Also, per IMDB, she's now a cast member on JAG (apparently the Admiral's yeoman).  So, that's probably a much better thing to do than to do another BAD movie.

Brad


----------



## Ranger REG (Jan 10, 2005)

Well, I didn't have to go to IMdB to find that out. Been watching _JAG_ since it first appeared on NBC and moved to CBS.


----------



## Truth Seeker (Jan 10, 2005)

Thornir Alekeg said:
			
		

> I had managed to avoid the first movie until a few weeks back. My wife and I could not go with the rest of our gaming group the night they all went, and after they came back I decided to save the $$. Unfortunately a few weeks back my wife, having completely forgetten that everyone in our group hated the movie, saw it at the library and brought it home. I decided to stay up with her after getting the kids to bed and watch it. When my son woke up crying I told my wife to keep watching and volunteered to get him back to sleep. WhenI came back my wife had paused the movie for me so I would not miss anything. I think that by itself could be grounds for divorce
> 
> In the end I had no choice but to agree that it was a pathetically bad movie. Had it just been some generic fantasy film I would have been able to accept it as a bad "B" film that had a few fun and interesting elements, but because they put that D&D label on it, I could not but help to expect more and be sorely disappointed.
> 
> I look to the second (and now third as well) film with dread that a great game will again be associated with something cheap, silly and poorly written.
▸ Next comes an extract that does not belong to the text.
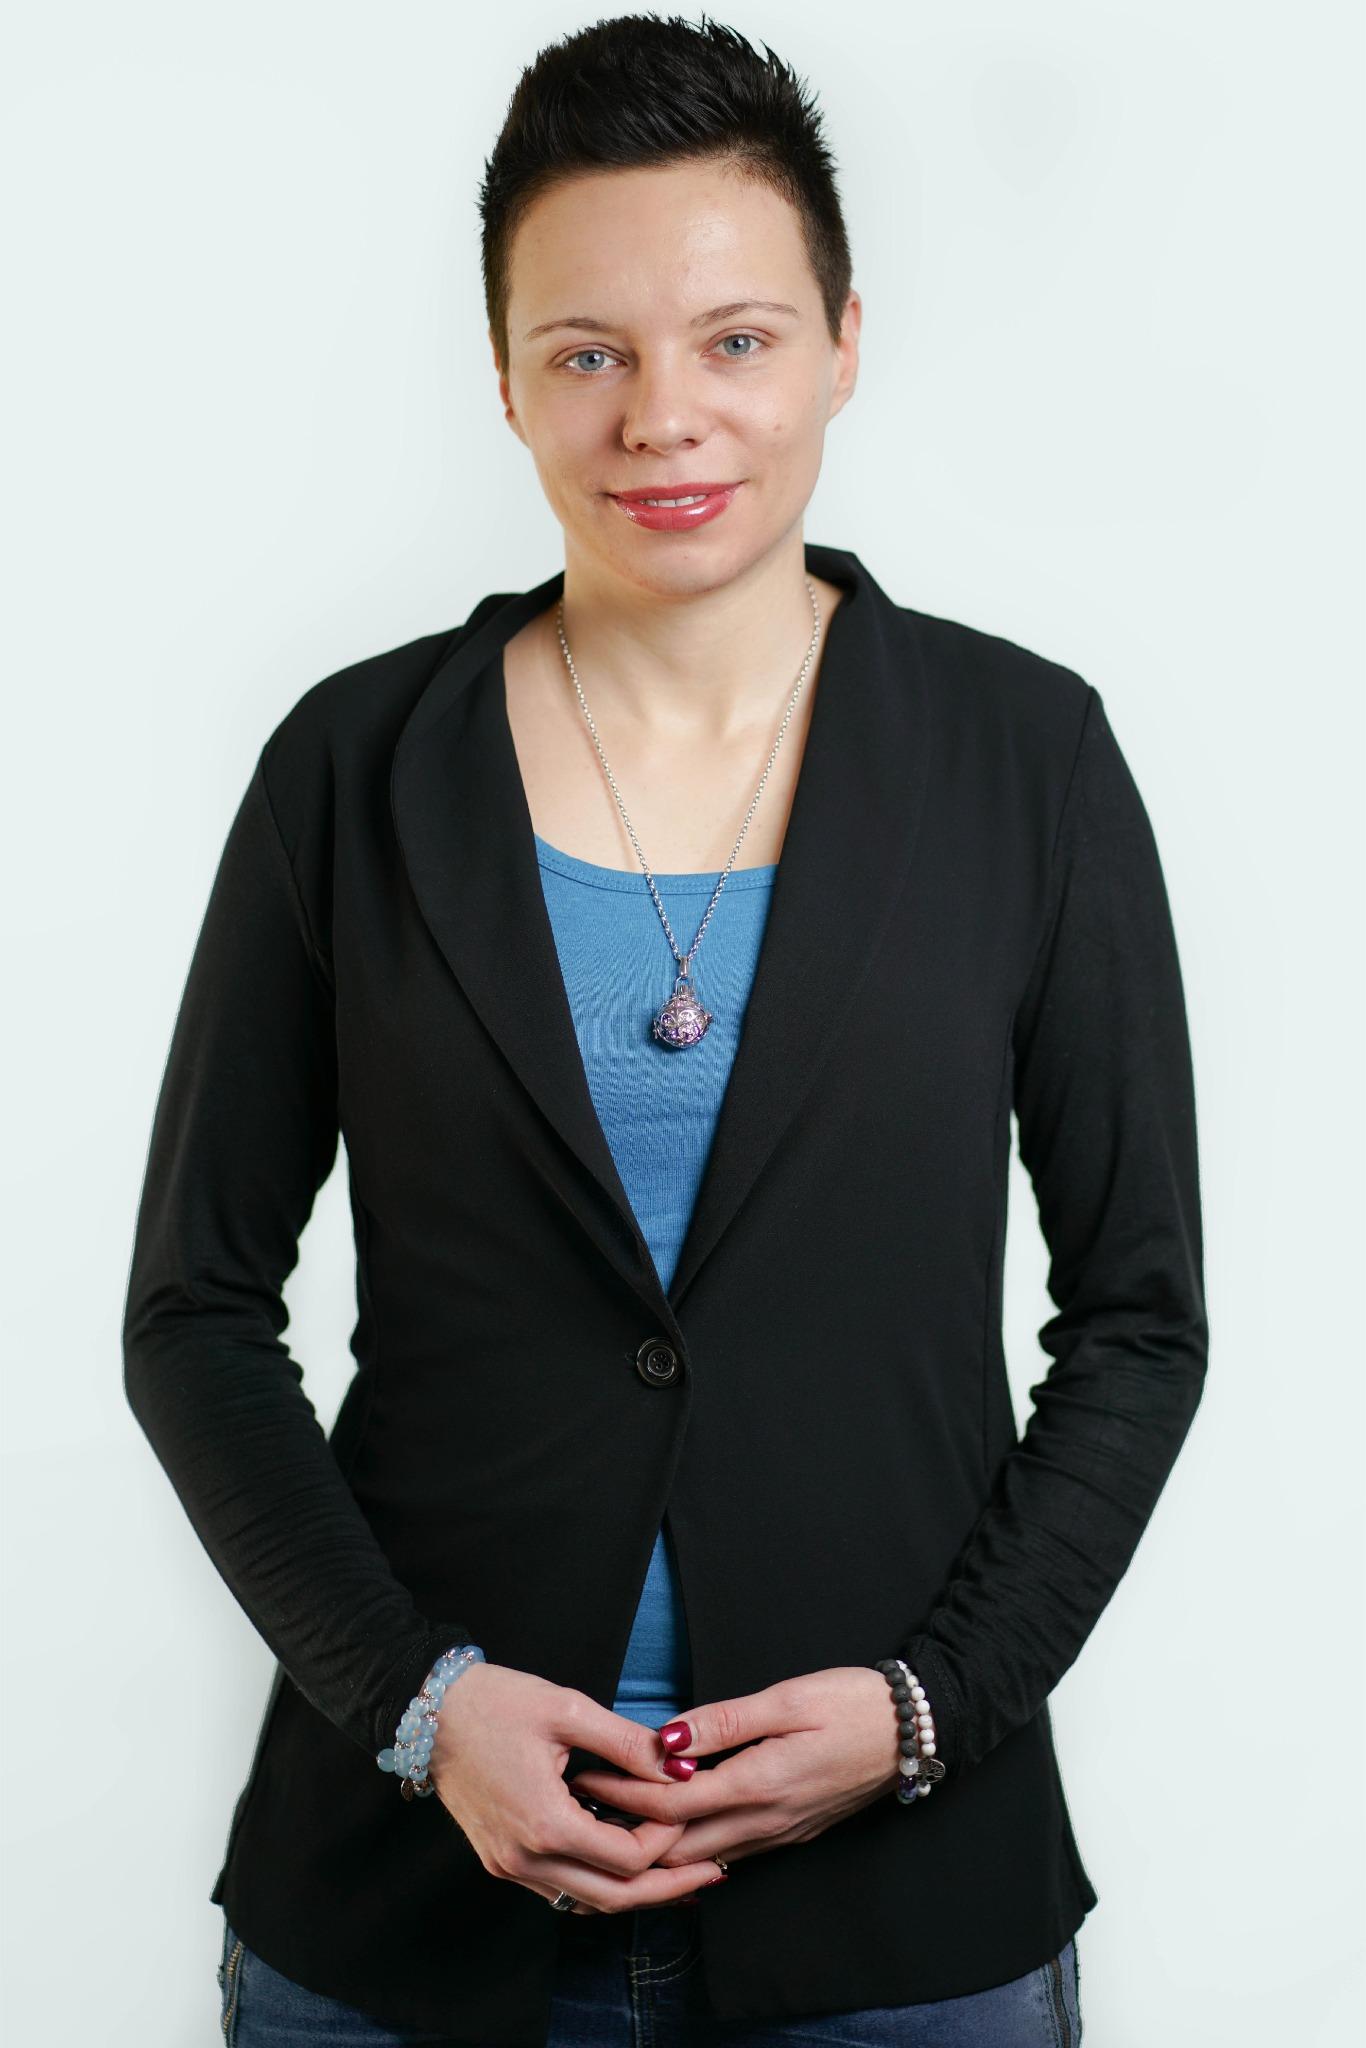 Coach - Graziella Wicki

Kudos to the bravery of what you should...if ever anyone in my family/friend brought that as a gift to me(and nobody*family wise* knows I detest it greatly), the garbage it will go, and the shocked looks from them, will give the impression that I hate it, when they know I played the game.  They just...will not understand the complexity of it.

Brrrrrr....a day I will dread.


----------



## cignus_pfaccari (Jan 11, 2005)

Ranger REG said:
			
		

> Well, I didn't have to go to IMdB to find that out. Been watching _JAG_ since it first appeared on NBC and moved to CBS.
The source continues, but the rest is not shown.